Kita Hanyalah Pendusta yang Memaksa Percaya pada Tuhan
Beberapa hari ini wall facebook saya dipenuhi dengan
instruksi pengulangan syahadat. “Jika nonton film Uttaran, maka syahadat anda
mesti diulang”. Hahahanciang. Bukan karena postingan ini santer disebarkan oleh
media yang ada Islam-Islamnya. Bukan juga karena saya pro terhadap Uttaran,
nengoknya saja saya malas. Namun, ini soal Iman yang telah dipahami secara
pandir.
Saya kira, kita sudah cukup lelah dengan isu Ahok.
Karena Ahok, tiba-tiba banyak saja orang yang beriman. Maksud saya, isu politis
harus dikaitkan dengan Iman.
Begini loh mas bro! Waktu boker tadi pagi, saya mikir. –Ini
memang kebiasaan saya- mikir di “kamar bermenung”. Kali ini perenungan saya
membuahkan hasil, gak kayak biasanya. Mulai dari latar belakang, rumusan
masalah, pendekatan dan kesimpulan soal iman dan hal di luar iman. Jangan
bayangkan berapa lama saya di sana. Kita fokus saja kepada kesimpulan.

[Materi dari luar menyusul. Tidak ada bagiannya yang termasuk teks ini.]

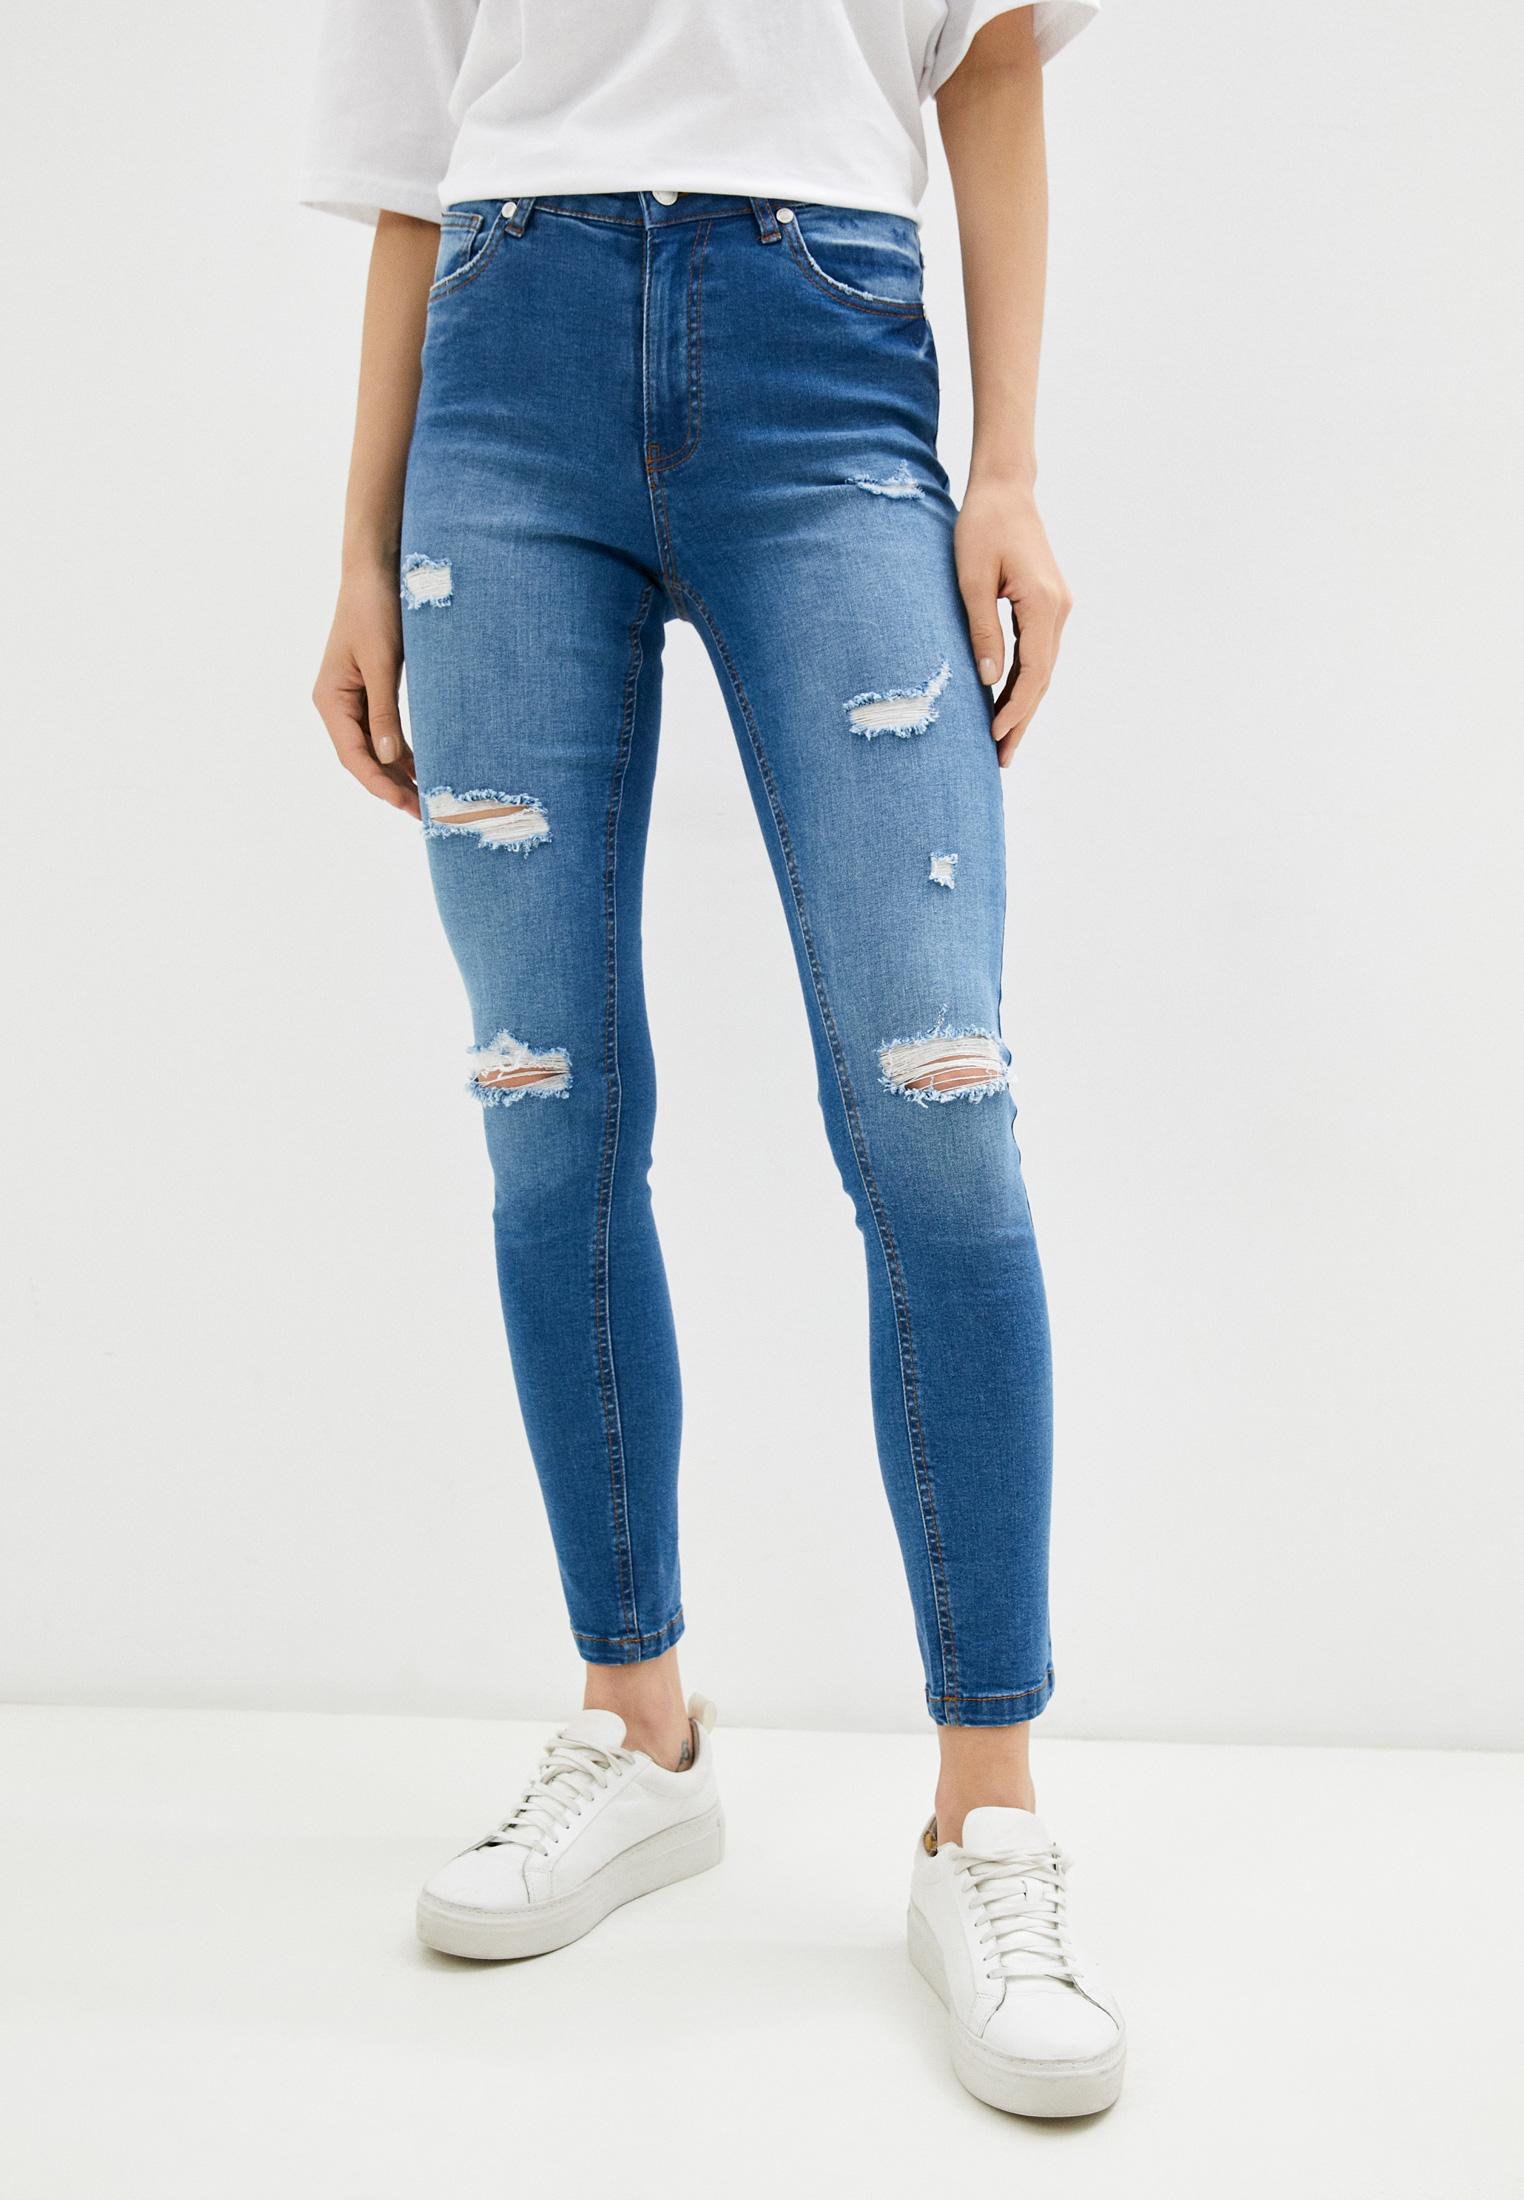 Зауженные джинсы Silvian Heach Джинсы Silvian Heach
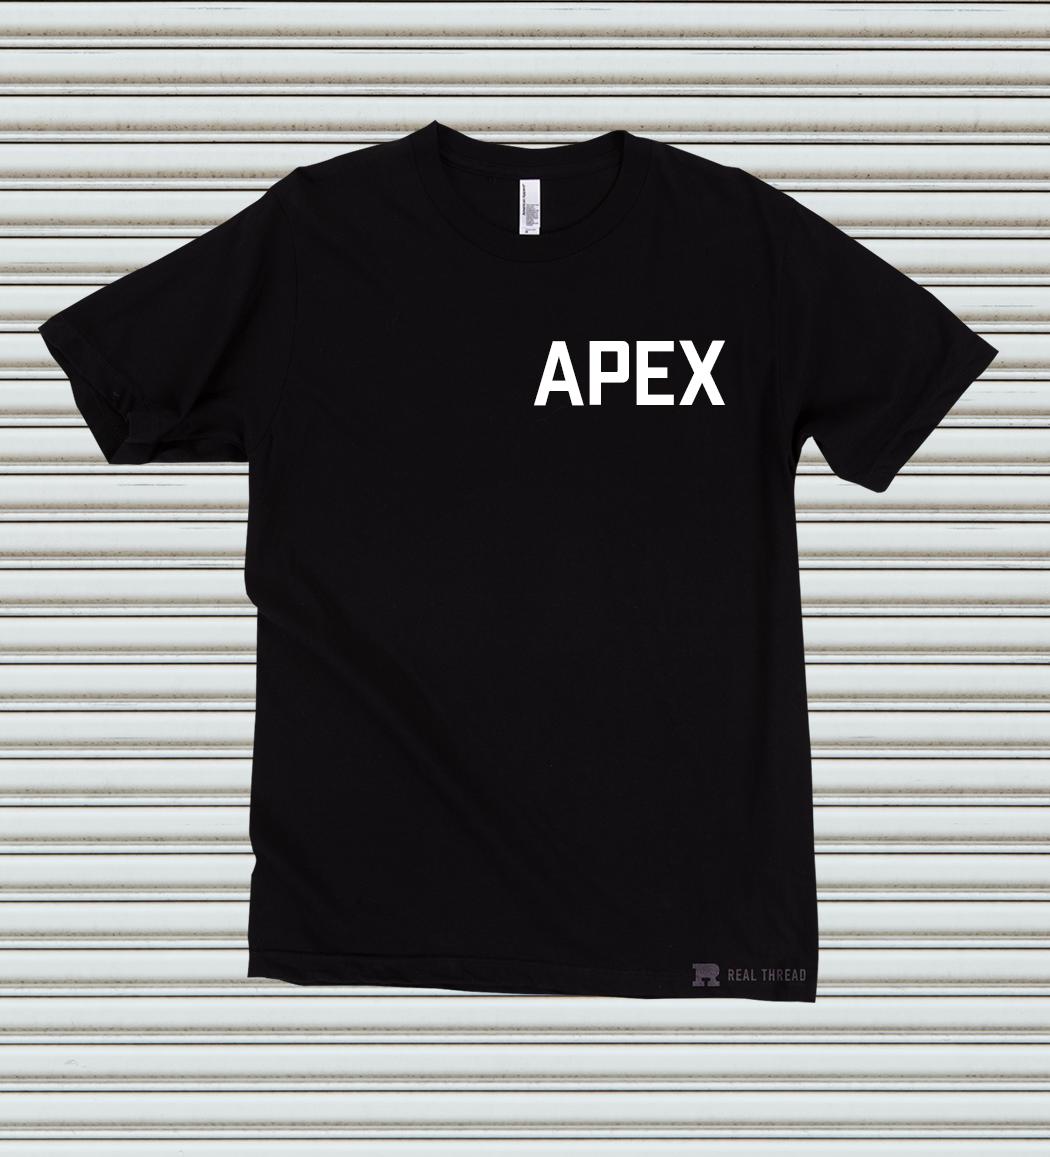 14d3a9a0a0 Best Fonts for T-Shirts | 20 Free T-Shirt Font Downloads

Jika saja keimanan selalu dikaitkan dengan segala hal,
maka tunggulah kehancuran! “Fantazhir al-sa’ah”! Menghancurkan diri
sendiri, dan ketika diposting di media sosial berarti ikut menghancurkan orang
lain. Mengapa? Jawabannya sih sesederhana buang dahak. Menyebarkan Kebebalan.
Sebab, keimanan bukanlah kambing hitam. Keimanan
adalah keyakinan bukan keragu- raguan. Masa sih, baru nonton film aja, tuan dan
puan sudah ragu dengan keimanan sendiri? Baru liat Ahok aja yang kebayang
langsung “ka-fa-ra-“ di kening Dajjal. Piye to?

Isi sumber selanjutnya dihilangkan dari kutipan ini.